By Megan Lim, Consultant – Altis NZ
Within the cybersecurity realm, authentication is ensuring parties (e.g. users and service accounts) are who they say they are; they are not pretending to be someone else. Whereas authorisation is granting permissions to an already authenticated party to specify what data can the party access, and what they can do with that data. Both authentication and authorisation are required for the correct parties to have the appropriate permissions to access data.
As we can see, authentication is paramount for data sources and ingestion processes to be secure; it is also the step before authorisation. This blog explores the journey of how Altis Consulting can help organisations authenticate to Snowflake securely, for both service accounts and users. We strive to walk hand-in-hand with our clients for them to have a smooth authentication setup.
Federated Authentication (Fed Auth) VS Single-Sign-On (SSO)
Both Fed Auth and SSO are used for the same purpose – for users to access multiple services and resources with fewer login attempts and help reduce the need to remember passwords. From the user’s perspective, both Fed Auth and SSO have the same behaviour. However, they are different behind the scenes.

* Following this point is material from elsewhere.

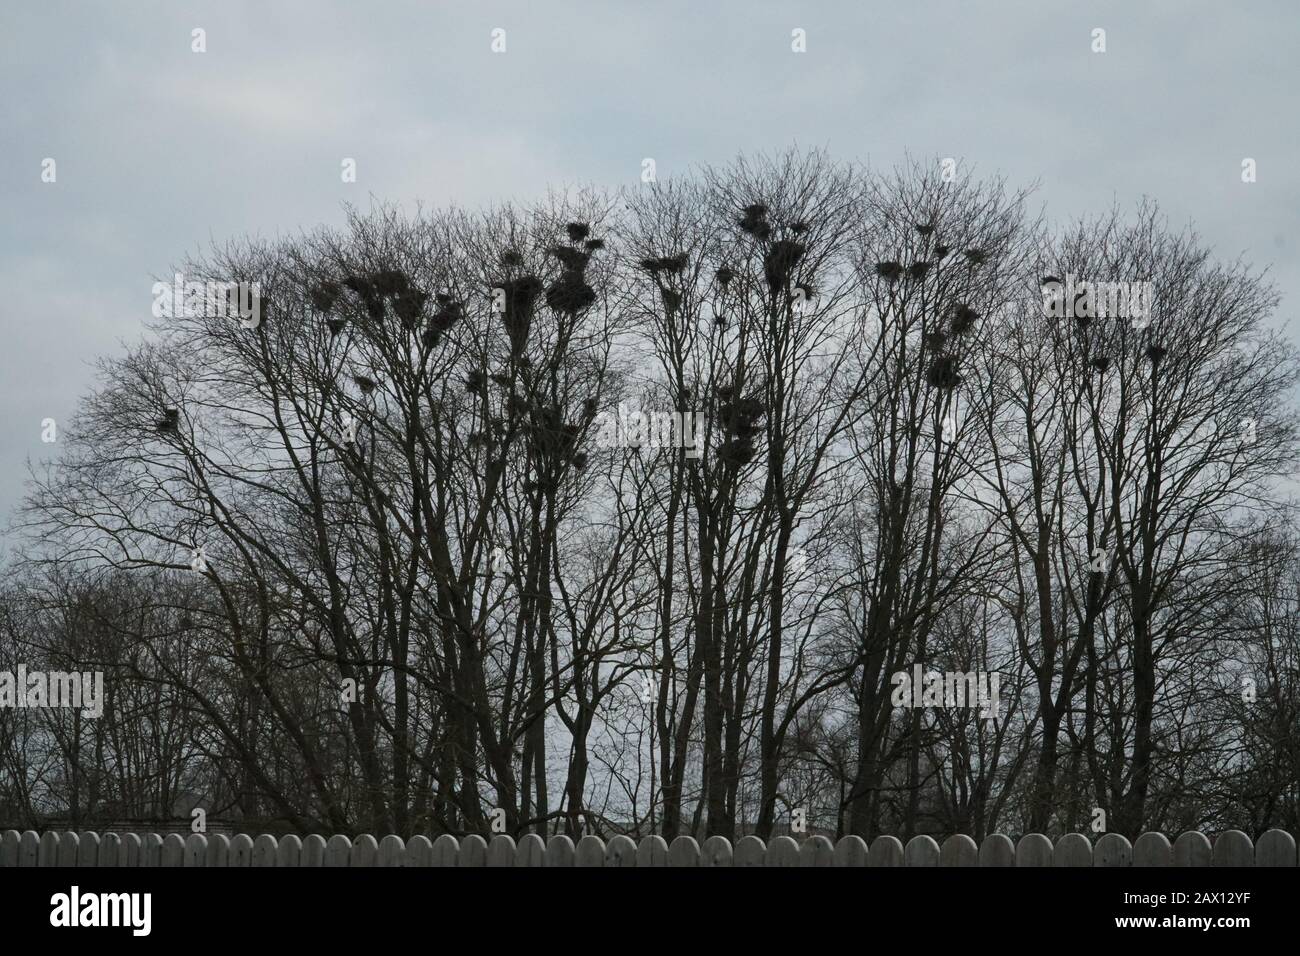 Alberi nudi con nidi visibili di uccelli corvi nei rami. Incredibile sfondo natura dietro le tavole da recinzione nel giorno nuvoloso d'inverno. Foto Stock

Federated Authentication or Federated Identity Management (FIM) provides a single access to multiple services and resources. When a user tries to log into a service or resource, the authentication request is routed to a trusted Identity Provider (IdP) (e.g. OKTA). The user will then authenticate themselves to the IdP if required. Once successfully authenticated, the IdP will indicate to the service provider that this user has been authenticated. This works because the service provider trusts the IdP – they trust that the IdP that the user has indeed been authenticated, and the service provider can move on to the next step.
For Fed Auth, multiple service providers and organisations across different domains can trust the same IdP. With one password and one authentication event, the user can access multiple services across different domains; and user credentials are never directly shared between organisations. Thus, Fed Auth is the single authentication to multiple services across different domains.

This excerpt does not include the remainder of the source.